Essa semana me peguei olhando a novela. Lembrei do tempo em que eu (e todo mundo), acompanhava as tramas das novelas com tamanha comoção e entusiasmo, que os compromissos familiares giravam em torno delas. Já vi festas familiares darem uma pausa porque era o último capítulo, ou a mocinha ia bater na vilã no horário nobre. Não havia muita crítica, ética, filtro ou qual dispositivo coerente. Mas então volta VALE TUDO.
E com as protagonistas mulheres negras. E os questionadores questionarão: Tu vai voltar a olhar novela? Sim e não. Mas…então… deixa eu te contar uma história! Eu fiz muitos gatilhos emocionais de uma vida toda. Como sabemos a maioria dos desfechos desta telenovela, não temos dúvida ou mesmo torcemos pela mocinha. Mas nos reportamos sobre a responsabilidade da Taís Araújo no papel.
O meu primeiro gatilho foi sobre ser guerreira, mesmo em situações que muitos não aguentariam. Em situações que chorar não era uma opção. Que, ao olhar para o lado, não via com quem contar. O segundo gatilho foi a cobrança em ser boa, ou seja em ser muito boa, em ser acima do esperado, a desbravadora daquele lugar.
Muitos sites, jornais e comentaristas, discutem sobre a necessidade de mesmo no mundo da arte, o quanto a comunidade negra precisa de um destaque excepcional para ser vista. O quanto, ao longo dos anos, não tivemos referências adequadas no mundo televisivo, o quanto pessoas negras com mesma atitudes de pessoas brancas são banidas da mídia sem dó. Por isso que me doeu um pouco saber que Bella Campos seria Maria de Fátima, uma vilã. Lembrando que não sou partidária da vitimização (Mimimi), mas que queria as mesmas oportunidades inclusive quando erramos. E foi pensando nessa afirmação, que voltei a mim.
A arte tem o dom da ressignificação. Por este motivo que queremos tanto o povo negro nos lugares a serem vistos. Para que possamos ter exemplos de atuação incríveis de nossas protagonistas. Para que o brilho da dramaturgia nos faça questionar a atualidade. Para que, justamente, possamos discutir de igual para igual, condutas, ações, ética, respeito entre outros temas. A novela promete, maior diversidade, de gênero, de raça, sexual e religiosa. Promete fazer um contraponto, com o formato dos anos 80 e a falta de representatividade, e com os muitos “rótulos vencidos”.
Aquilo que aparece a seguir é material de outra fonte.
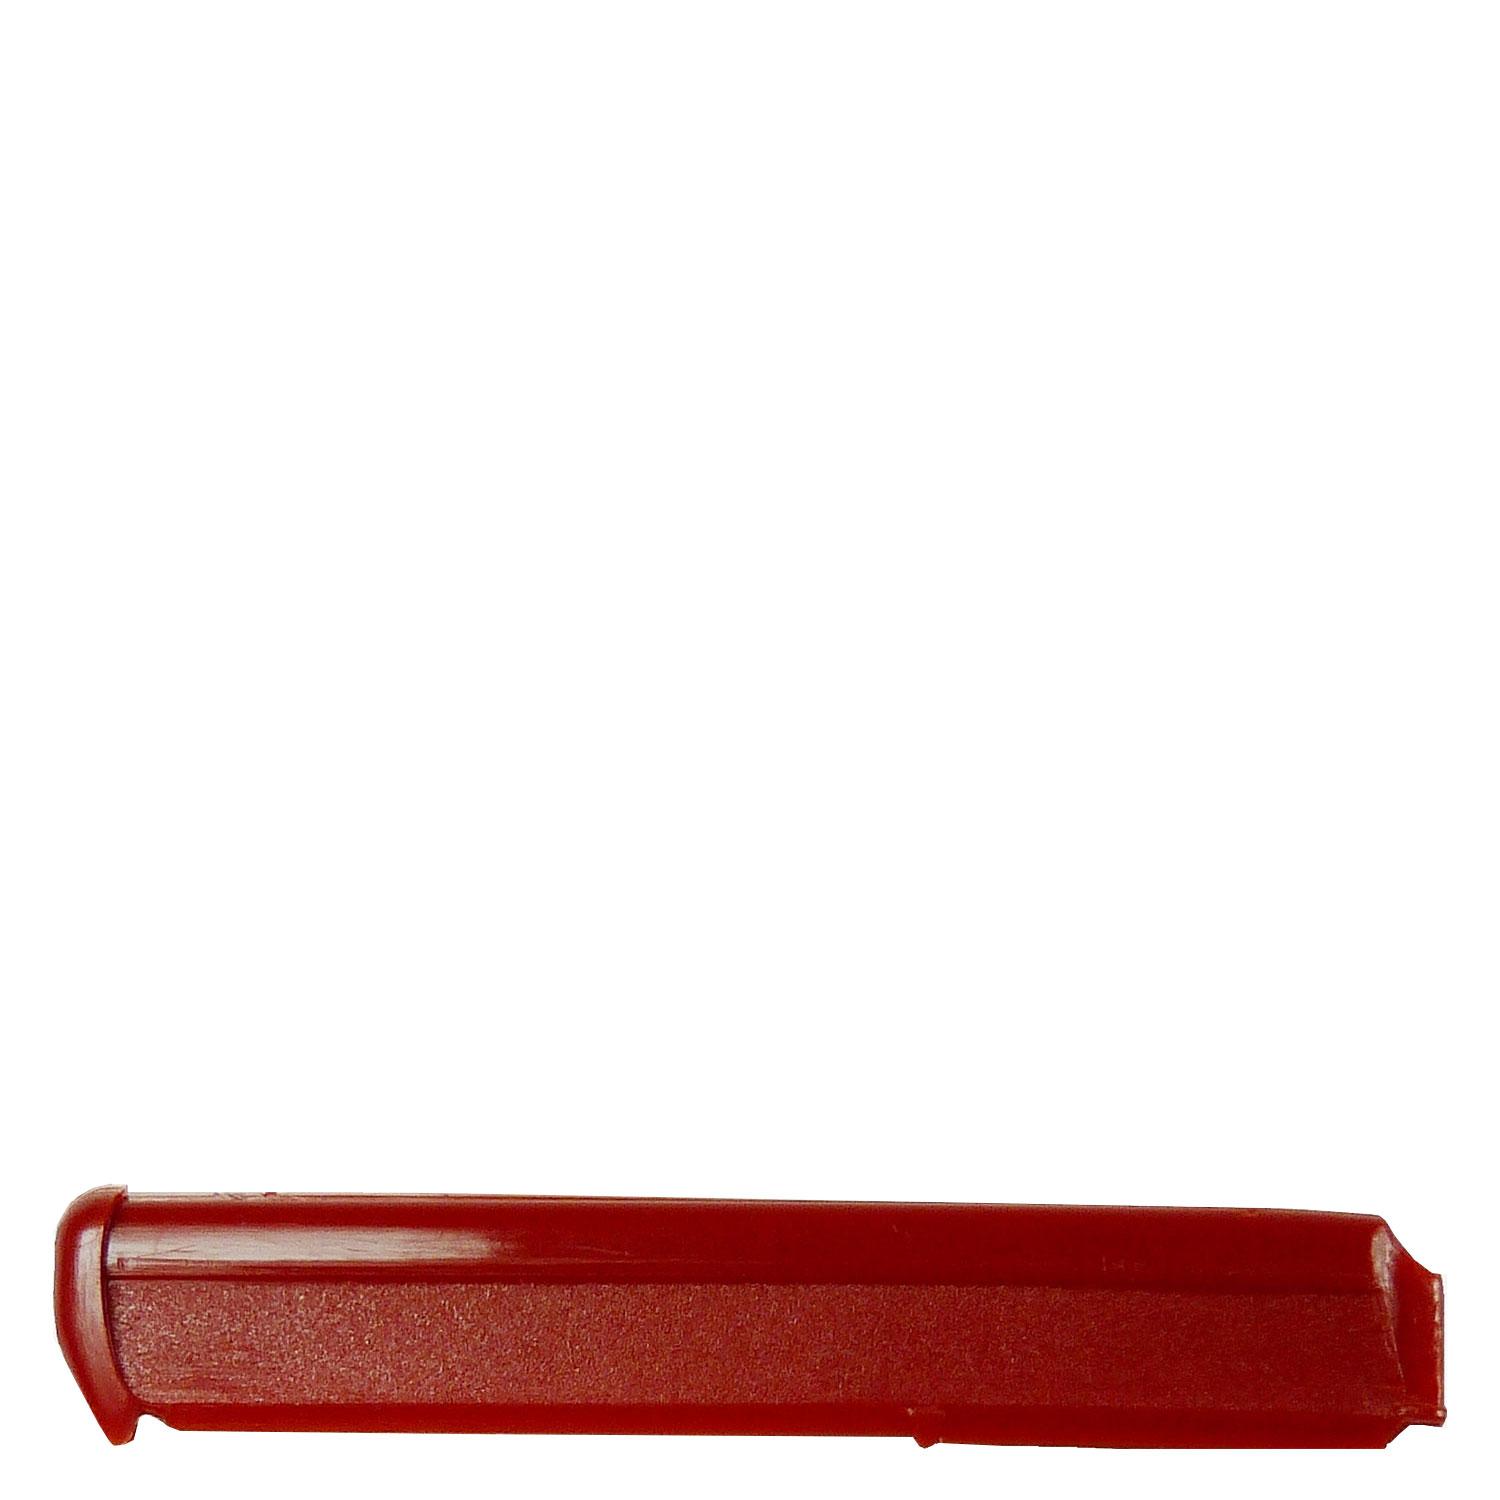 Tondeo Razor - Sifter Protection Red TCR

Bella deu uma entrevista significativa, referenciando todas as mulheres negras que vieram antes dela, na teledramaturgia, e construíram a base para esse momento. E quando voltei a mim, lembrei que foi por isso que lutamos: PARA ESTARMOS ONDE QUISERMOS. E como disse Cazuza: “Brasil mostre a cara …” Enfim, vou voltar a olhar a novela. Saravá!